Deploy face detection and keypoints at 250fps with ONNX+TensorRT

This article was original written by Jin Tian, welcome re-post, first come with jinfagang.github.io . but please keep this copyright info, thanks, any question could be asked via wechat: jintianiloveu

I tried to condense the core of this article into the title of the article in as short a language as possible. Some time ago, I explained the deployment of Jetson Nano. We talked about the deployment of Yolov3 on the Nano with Caffe. The question of how to deploy the ONNX model is really divided into two parts: first, why to use ONNX, and second, how to deploy ONNX. This article is to fill this hole.

TLTR, the core ideas of this paper include:

  • How to deploy the ONNX model most quickly
  • What is the world’s fastest model for detecting faces and key points?
  • How to use ONNX+TensorRT to make your model 7 times faster
  • We will introduce to you our new generation of face detection + comparison recognition engine, which is expected to run above 200fps on GPU, and of course will be open source.
  • How to deploy the ONNX model on TensorRT using C++

Above is a 250fps face detection model, thanks to TensorRT’s acceleration. The input size is 1280×960.

Why onNx

Pytorch training model is popular nowadays, but when pytorch training model is converted to PTH, it is difficult to achieve real acceleration with C++ reasoning, because the network forward reasoning part, which is the most time-consuming in nature, does not have much acceleration. And reasoning pytorch with libtorch C++ is not an easy task unless your model can be traced.

In this case, it makes more sense to introduce ONNX, which has the following benefits from the current entire DL ecosystem:

  • Its model format is more fine-grained than older Layer-based frameworks;
  • It has a uniform definition and can be inferred from any framework;
  • It can realize the transformation between different frameworks.

Some time ago we released a PyTorch project with retinaface and we managed to export it to the OnNX model with some modifications so code without complex models can be easily exported to OnNX without modifications. This part of the code can be found on our platform:

manaai.cn

What we are going to do today is to use TensorRT for reasoning based on the above ONNX model. Start with a simple speed comparison:

The framework language Time (s) fps
Pytorch python 0.012 + 0.022 29
ONNXRuntime python 0.008 + 0.022 34
TensorRT C++ 0.004 + 0.001 250

It can be seen that using TensorRT to accelerate ONNX model, the speed increase can be said to be the difference between heaven and earth. Moreover, TensorRT pure C++ inference can achieve more acceleration at the language level. The tensorRt-accelerated Retinaface we implemented should be the fastest gPU-oriented detection scheme currently and can generate both Bbox and Landmark. Compared to MTCNN, the model is simpler, the inference is faster and the accuracy is higher.
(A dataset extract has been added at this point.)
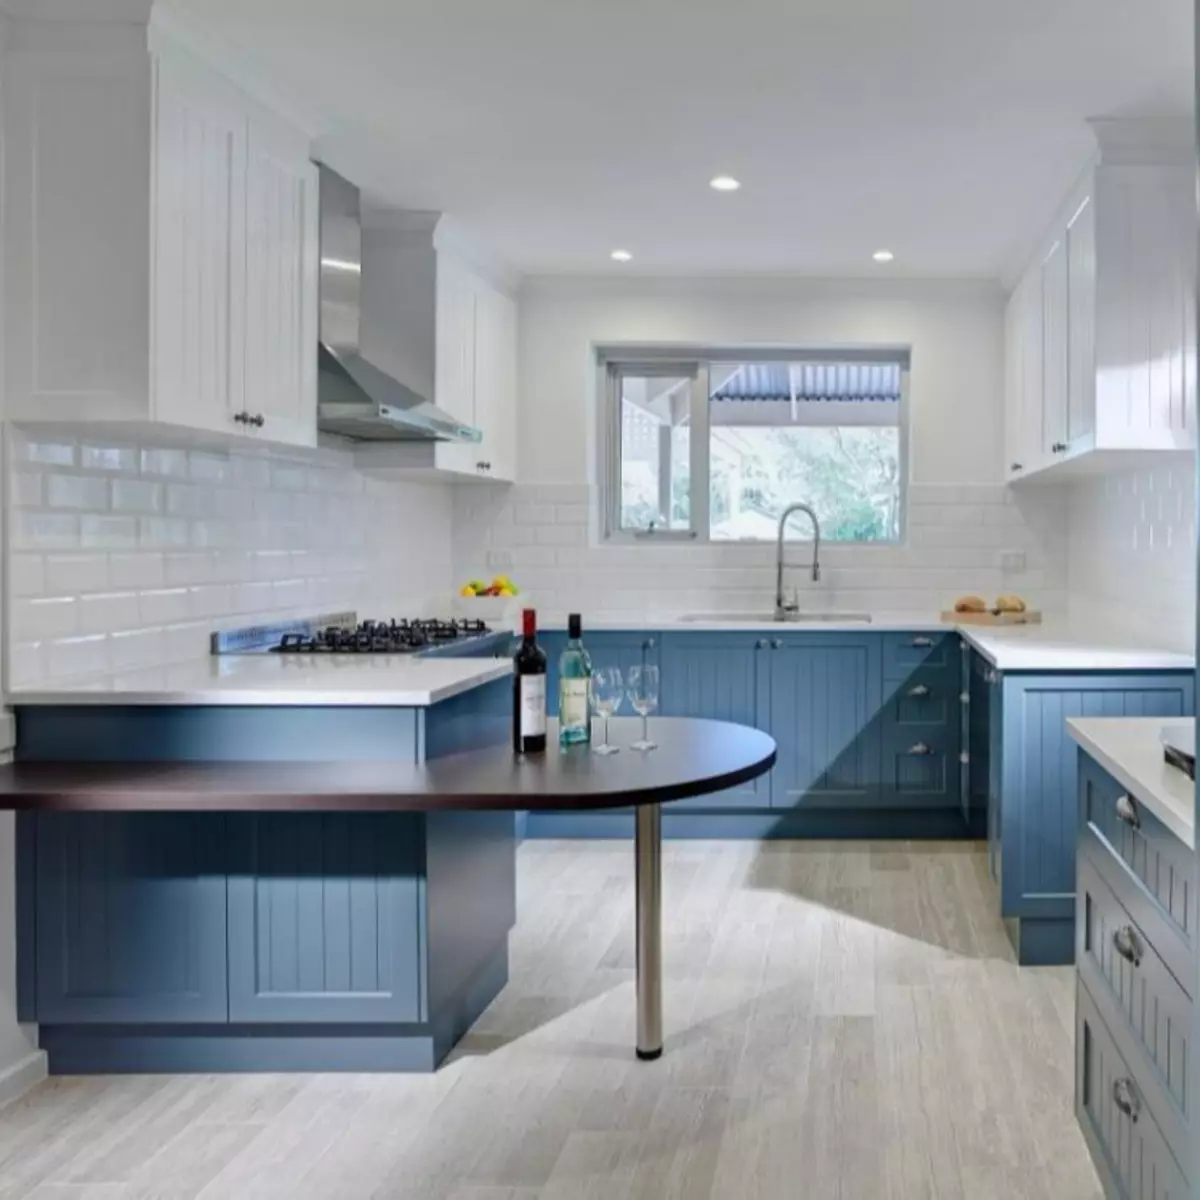 Baltā zilā virtuve (64 fotoattēli): virtuves austiņu iezīmes baltā zilā krāsā virtuves interjera dizainam, akcentiem uz sienām līdzīgām krāsām 9393_18

Real algorithm deployment, there is no doubt that if your target is GPU, using ONNX+TensorRT should be the most mature and optimal solution. If your target is some embedded chips, then using MNN can easily achieve fast reasoning on the EMBEDDED side of the CPU through ONNX.

If ONNX and TensorRT are so good, why not use them? Why is everyone still writing ugly reasoning code in Python? The reason is simple:

  • Entry is too difficult, C++ general people do not play;
  • Understand each layer of input and output of the model, and at least be familiar with the TensorRT API.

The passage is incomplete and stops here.